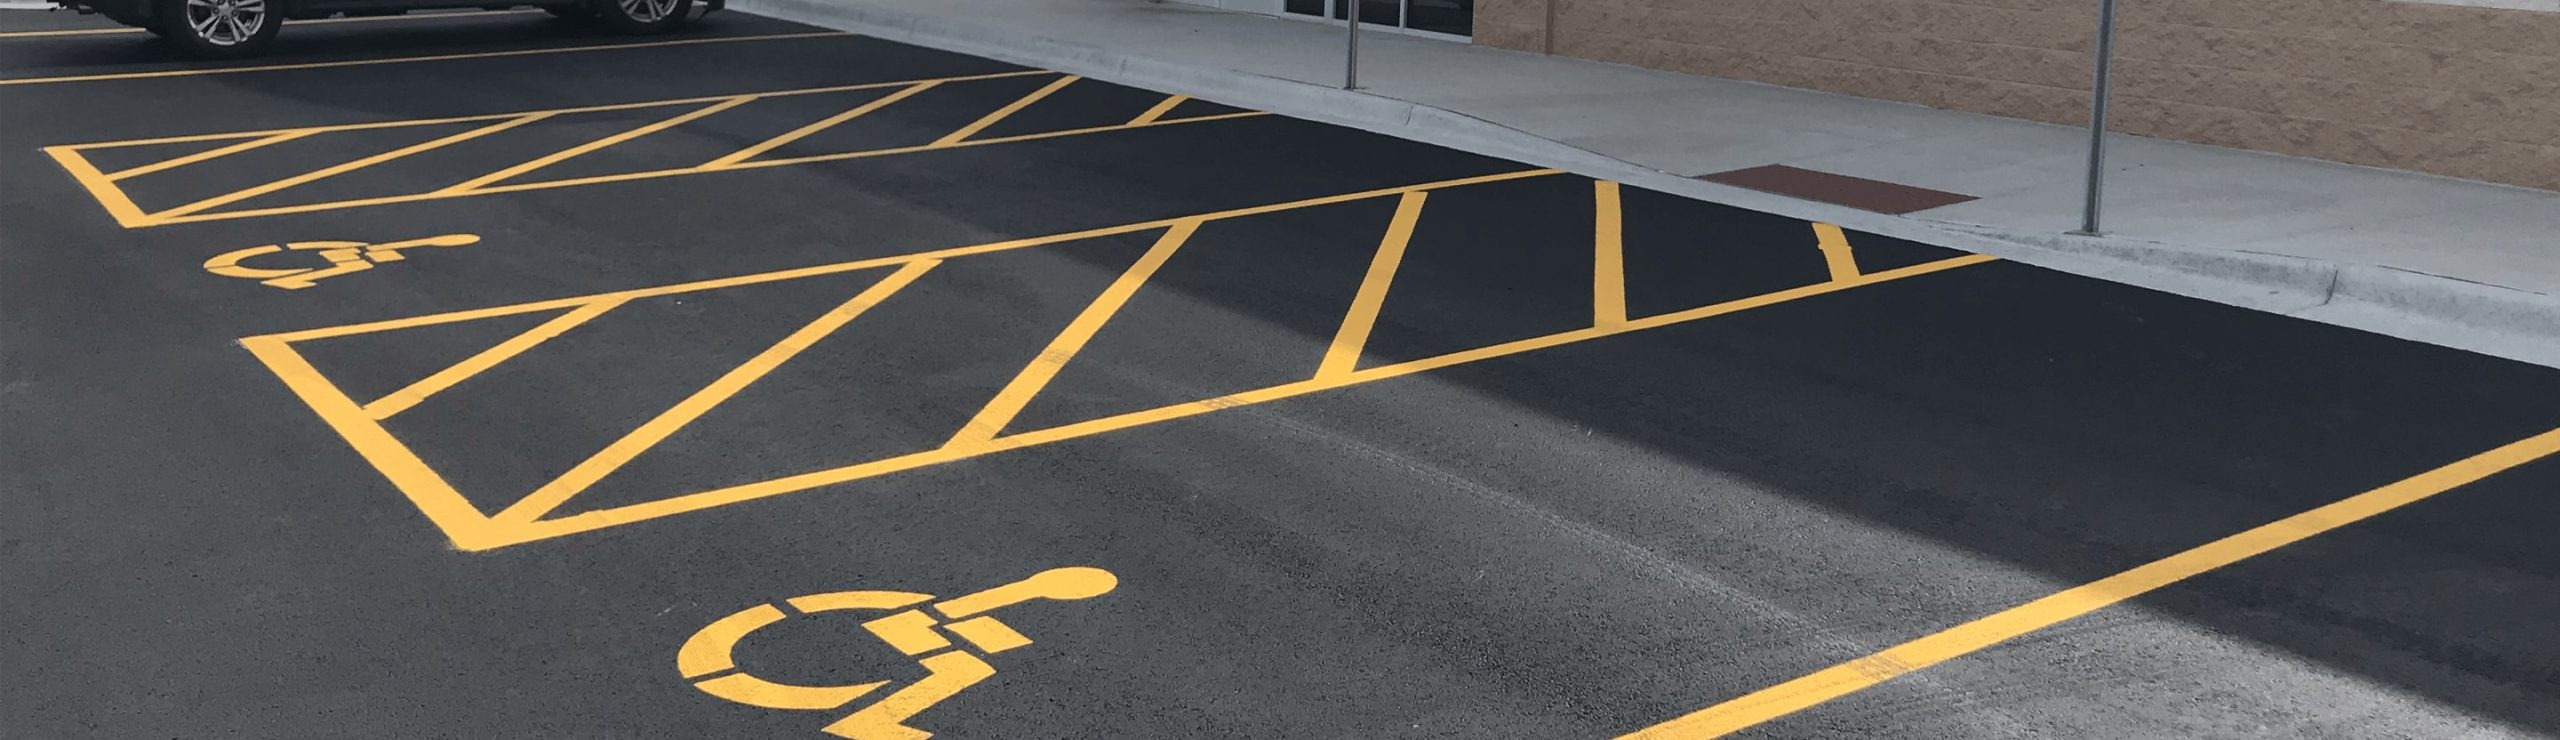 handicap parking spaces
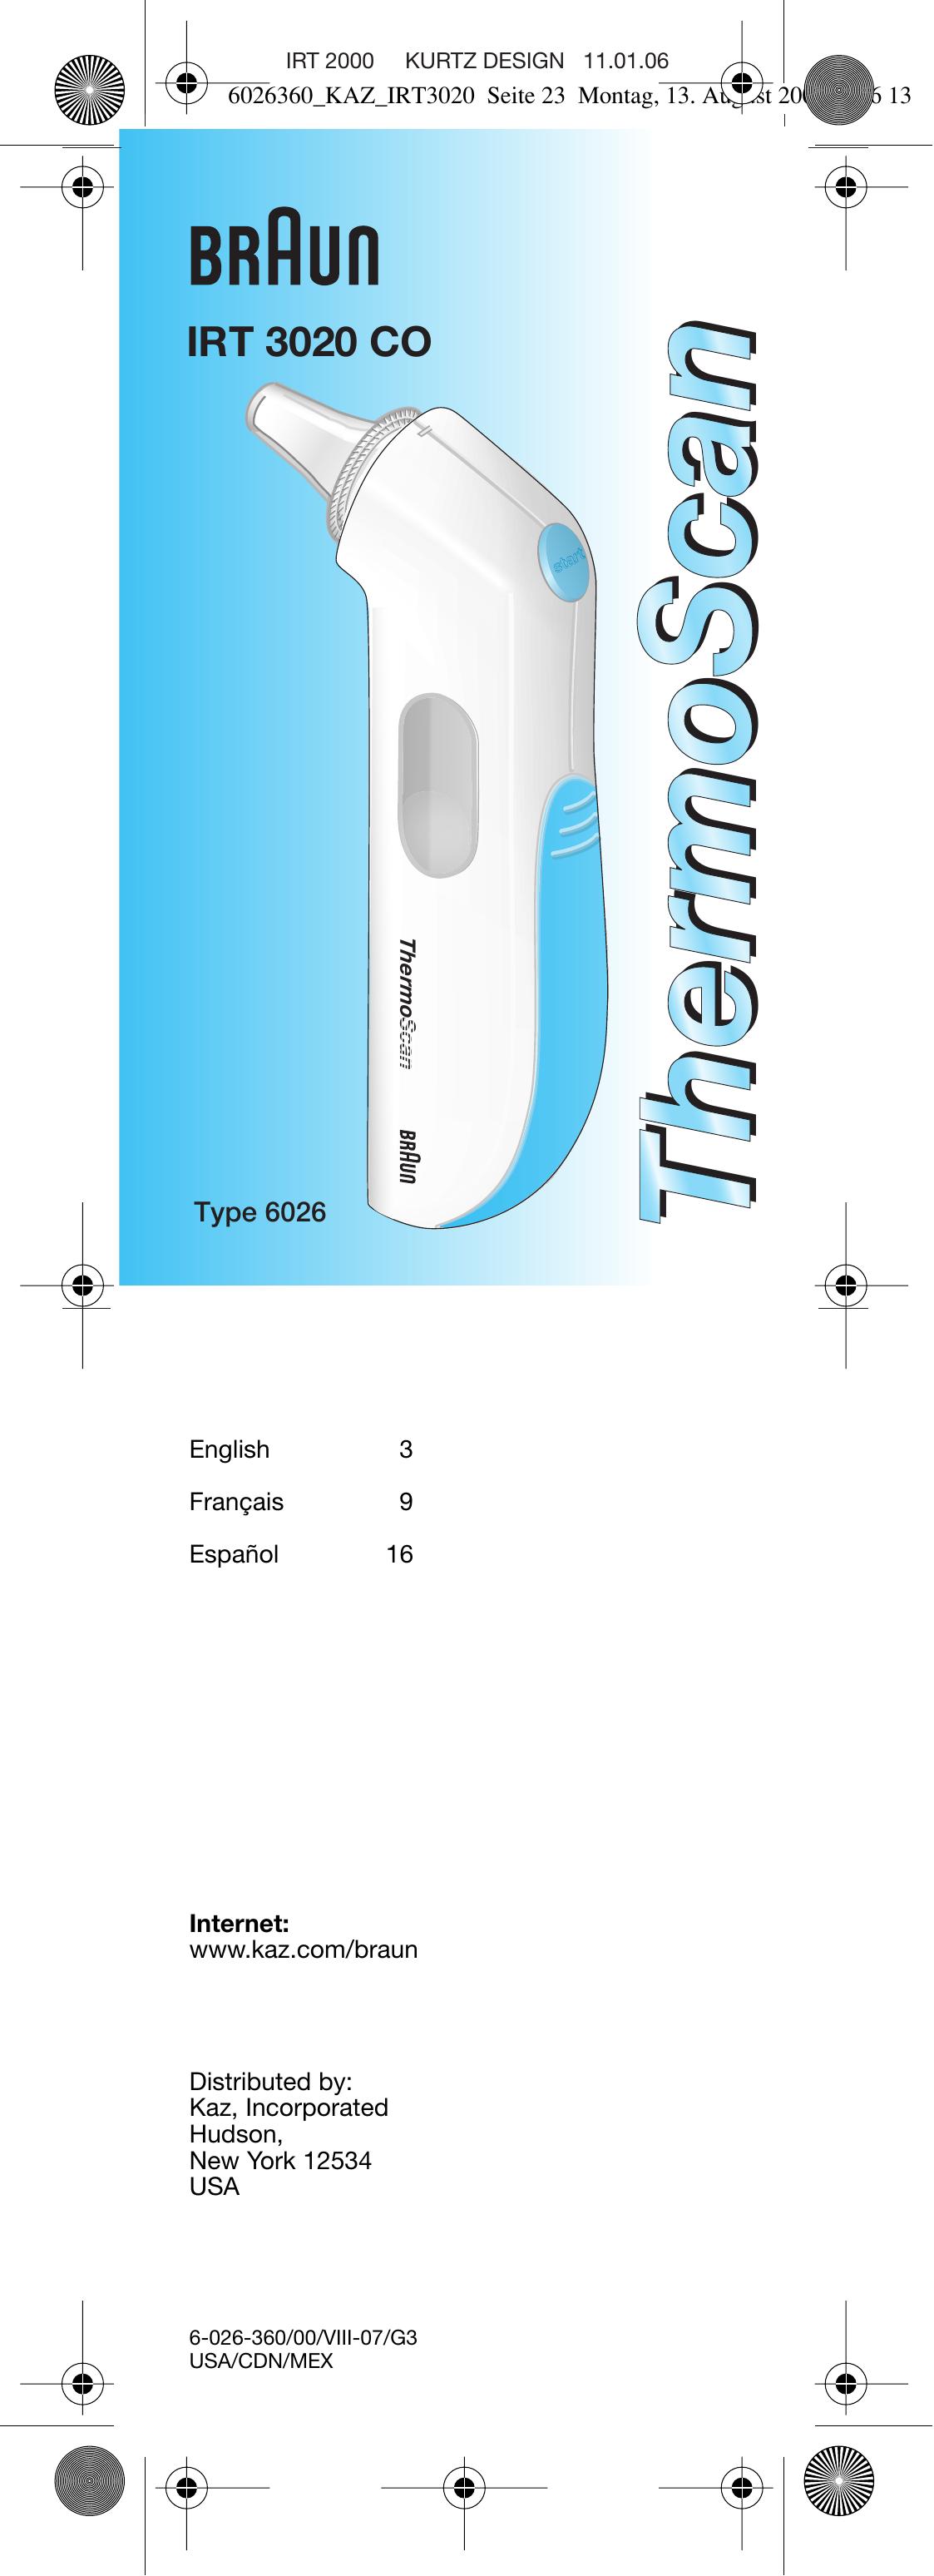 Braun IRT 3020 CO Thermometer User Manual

* * *

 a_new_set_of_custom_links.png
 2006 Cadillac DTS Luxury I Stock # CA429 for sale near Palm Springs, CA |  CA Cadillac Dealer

# [Task goal]
Copy out, exactly and alone, the lines of the entries above between the ones holding "a_new_set_of_custom_links.png" and "2006 Cadillac DTS", inclusive.

# [Task response]
 a_new_set_of_custom_links.png
 2006 Cadillac DTS Luxury I Stock # CA429 for sale near Palm Springs, CA |  CA Cadillac Dealer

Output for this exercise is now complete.